■ **PROBLEM STATEMENT**: In the listing below, find the line containing "Kmart Wedding Rings" and the line containing "Kmart jewelry wedding rings beautifulearthja", then copy exactly everything from the first through the second, except the pictures.
START DATA SUPPLIED
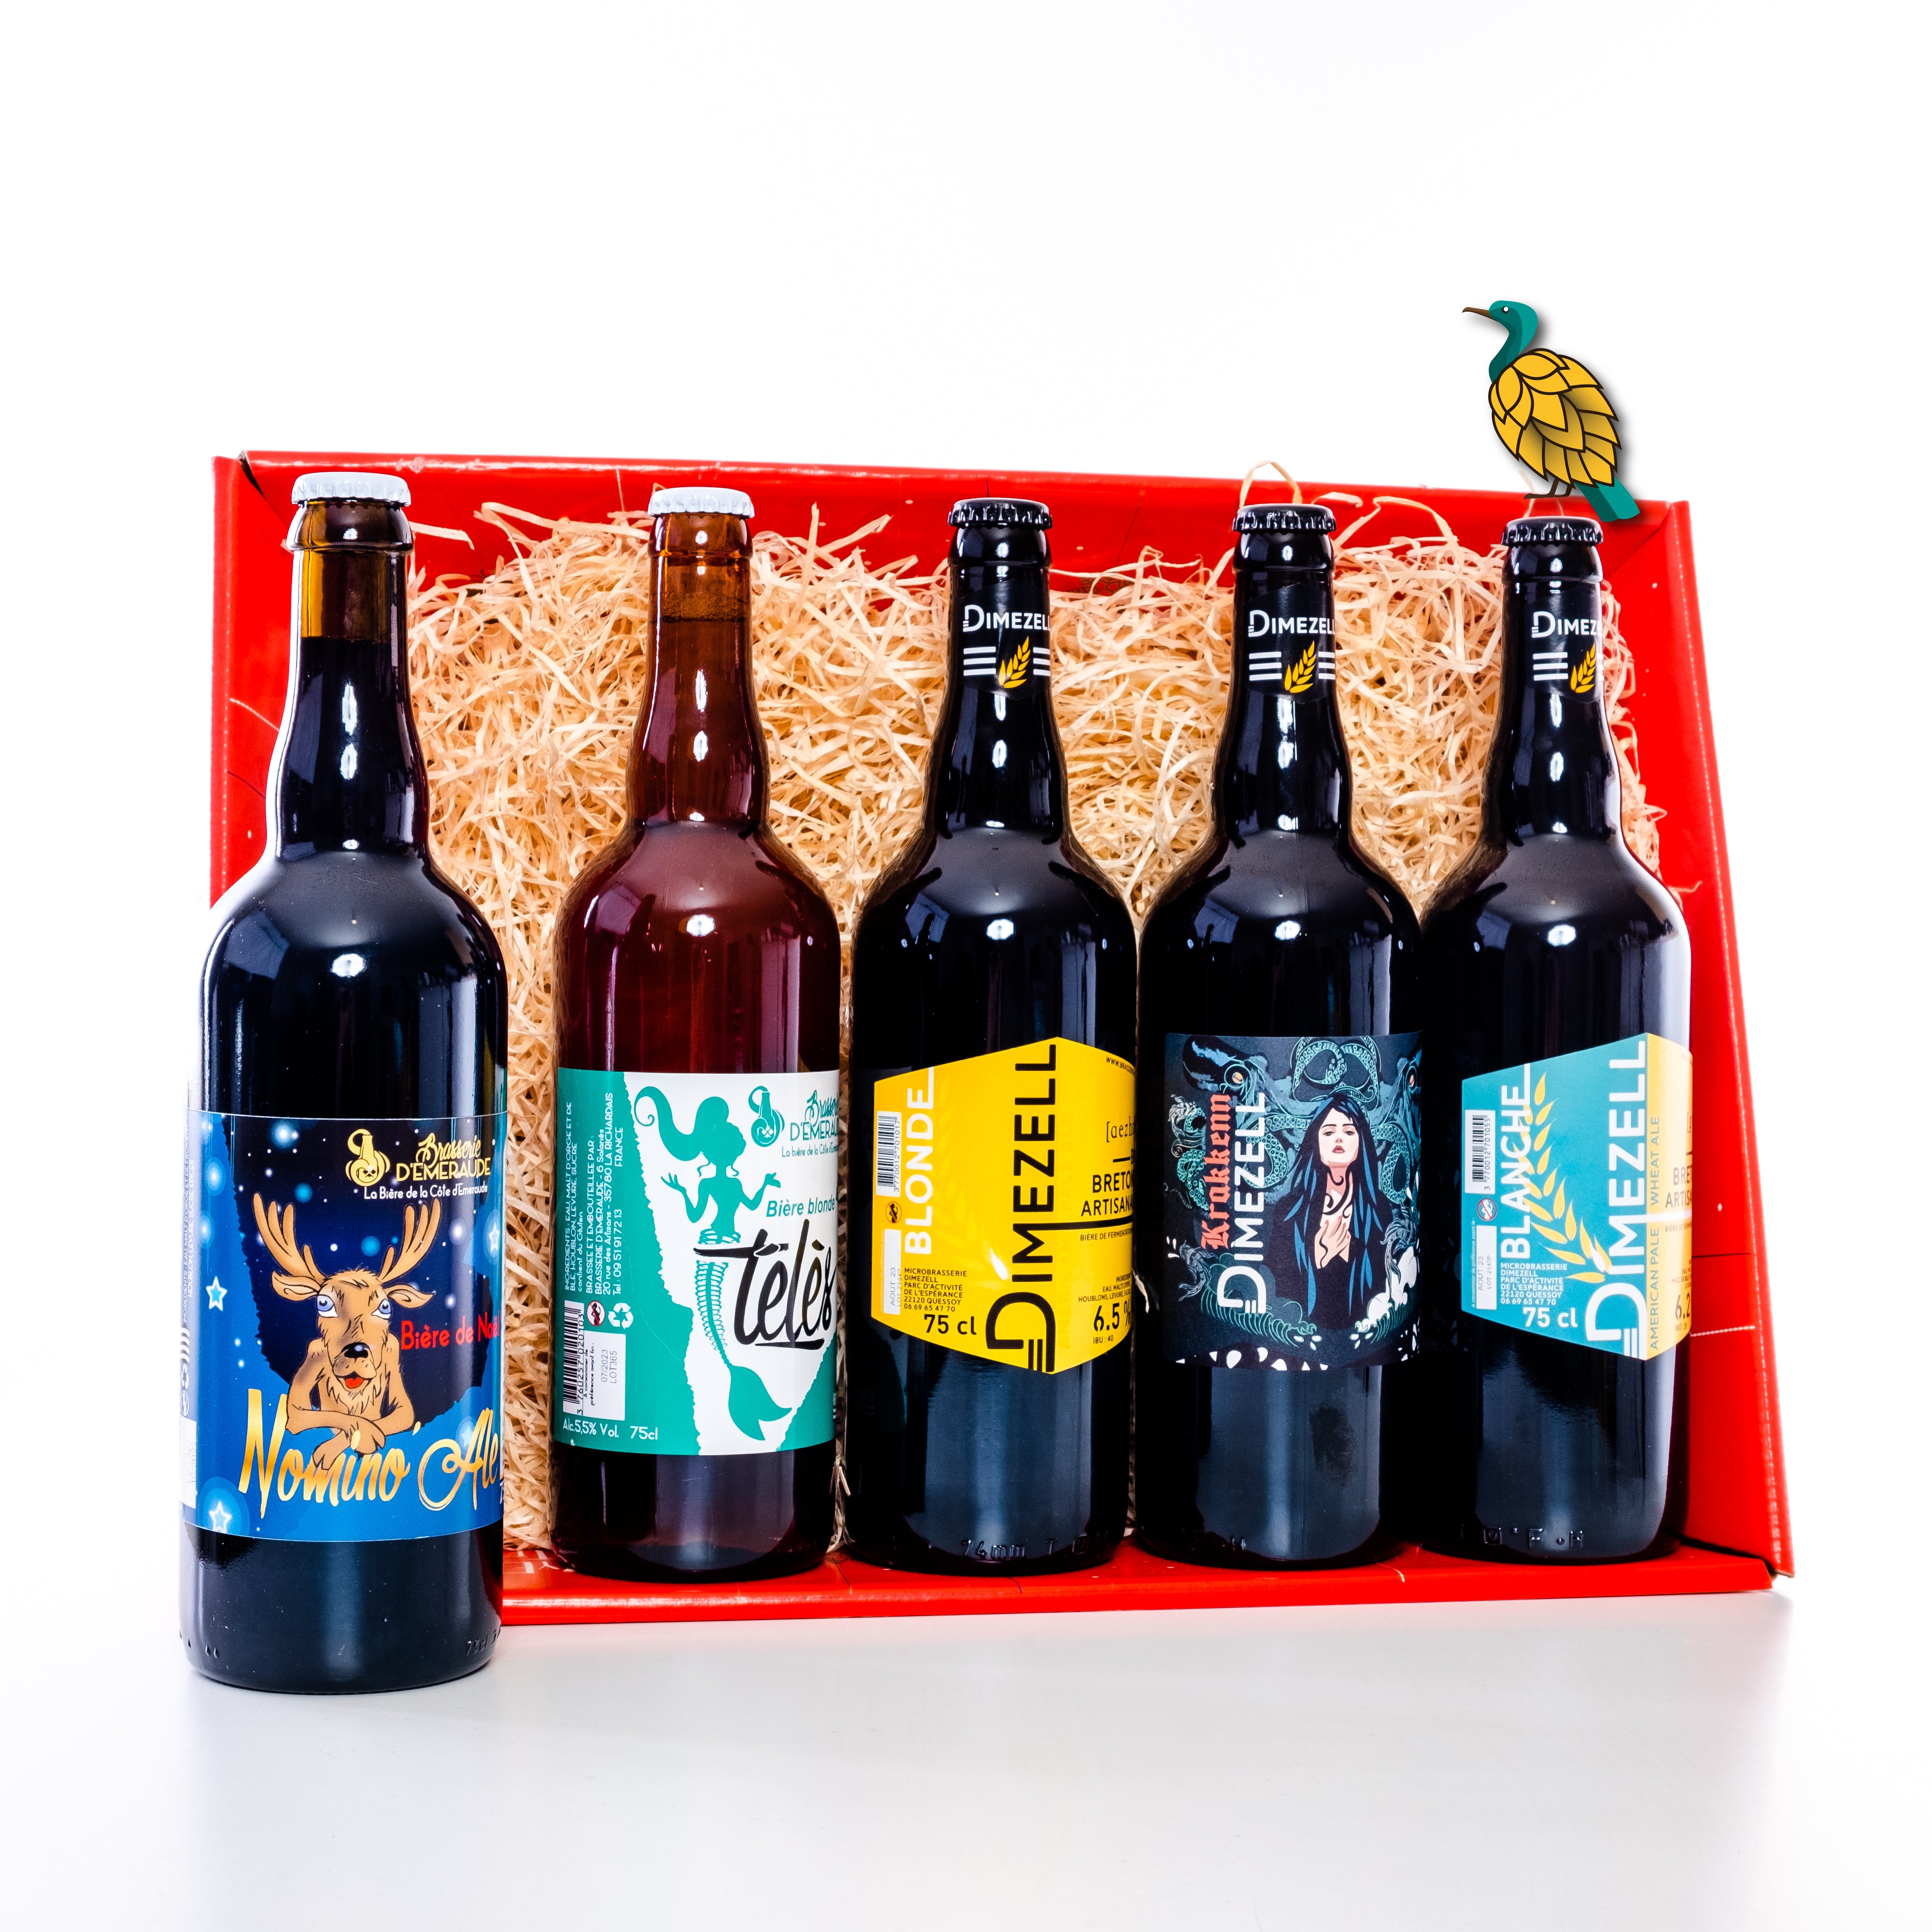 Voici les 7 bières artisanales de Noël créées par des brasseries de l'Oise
END DATA SUPPLIED
START DATA SUPPLIED
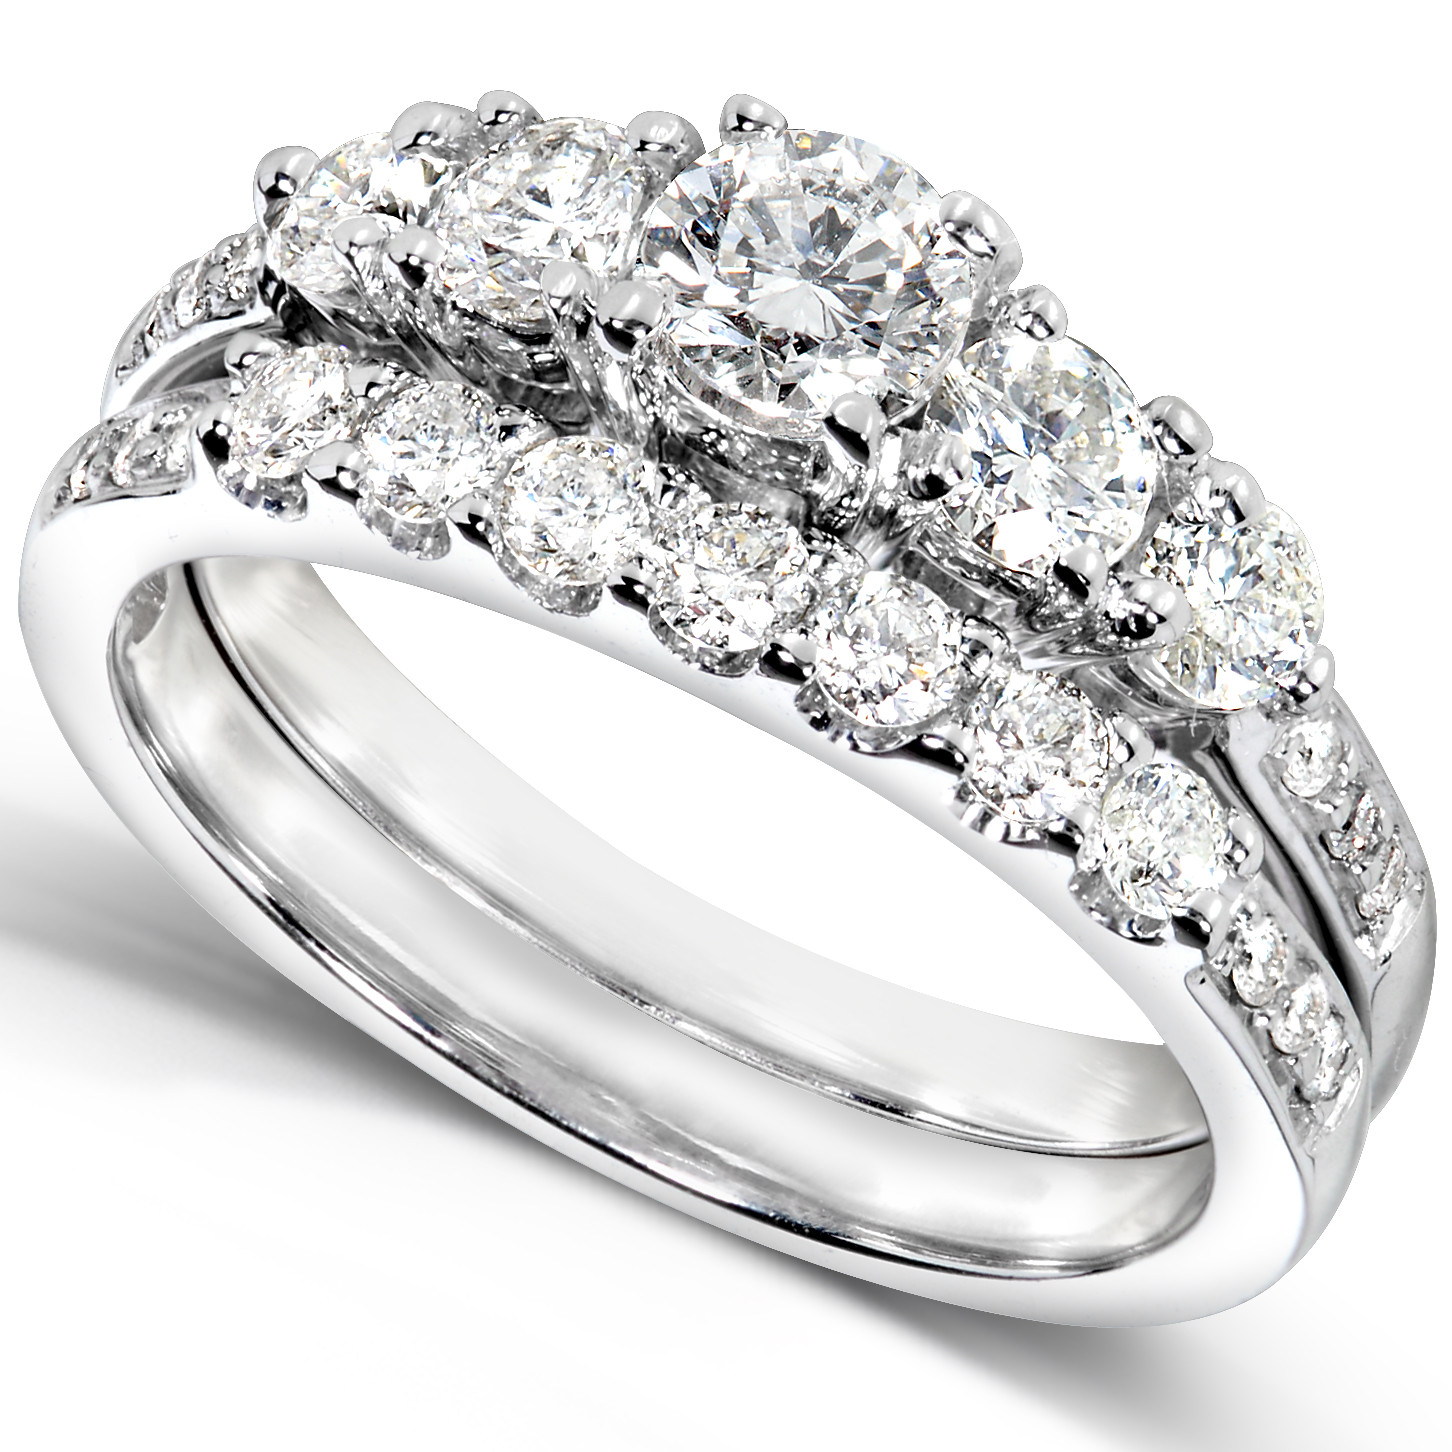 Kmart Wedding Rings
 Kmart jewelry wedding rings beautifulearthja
END DATA SUPPLIED
START DATA SUPPLIED
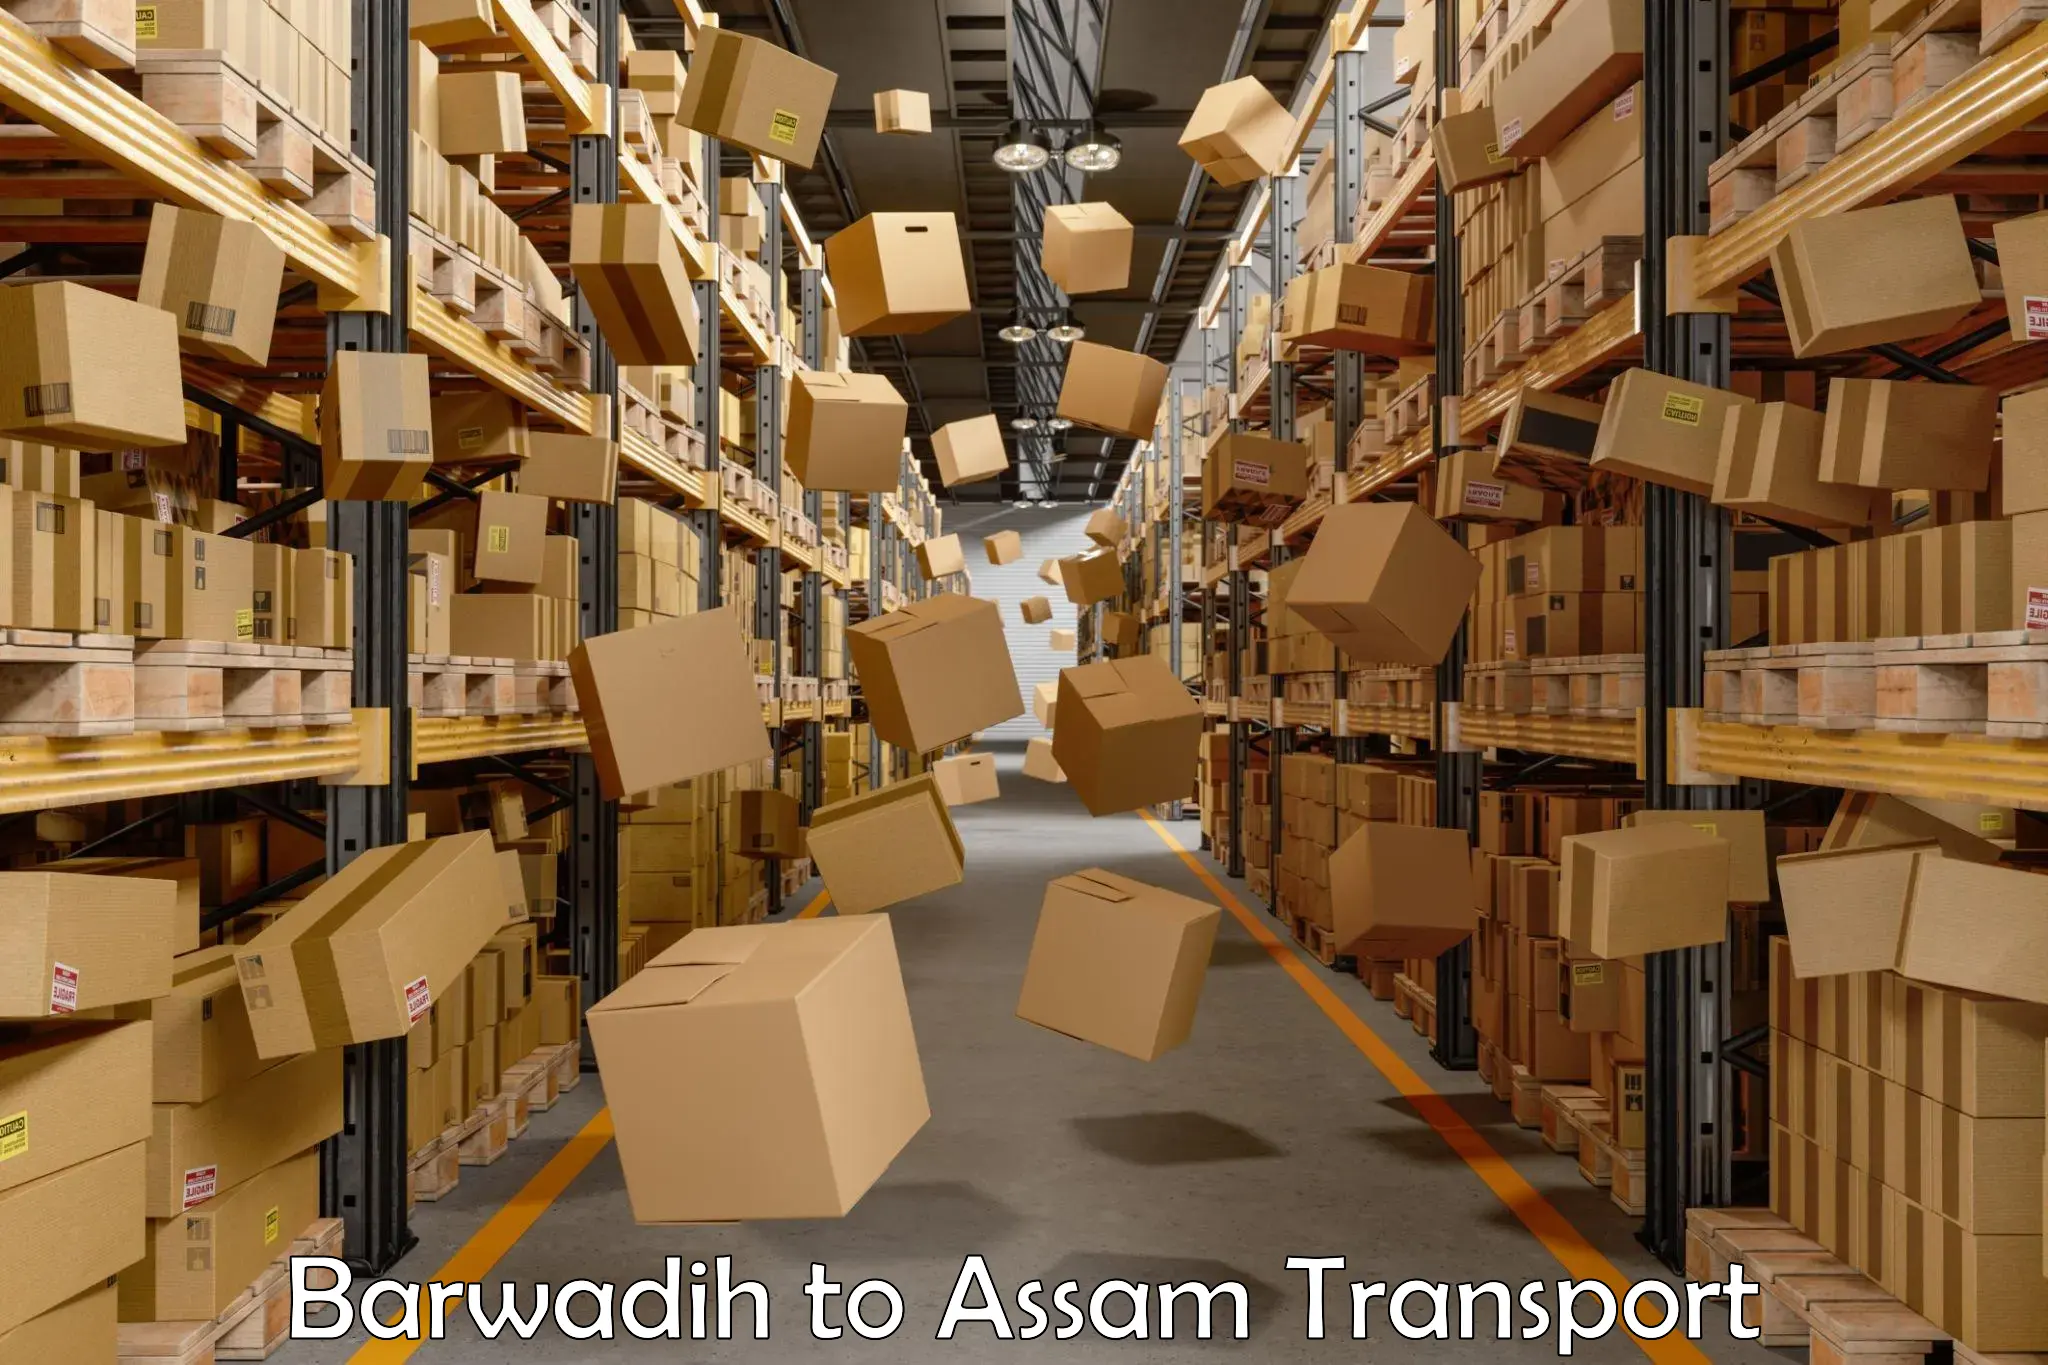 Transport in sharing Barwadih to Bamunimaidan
END DATA SUPPLIED
■ **ANSWER TO THE EXERCISE**:
 Kmart Wedding Rings
 Kmart jewelry wedding rings beautifulearthja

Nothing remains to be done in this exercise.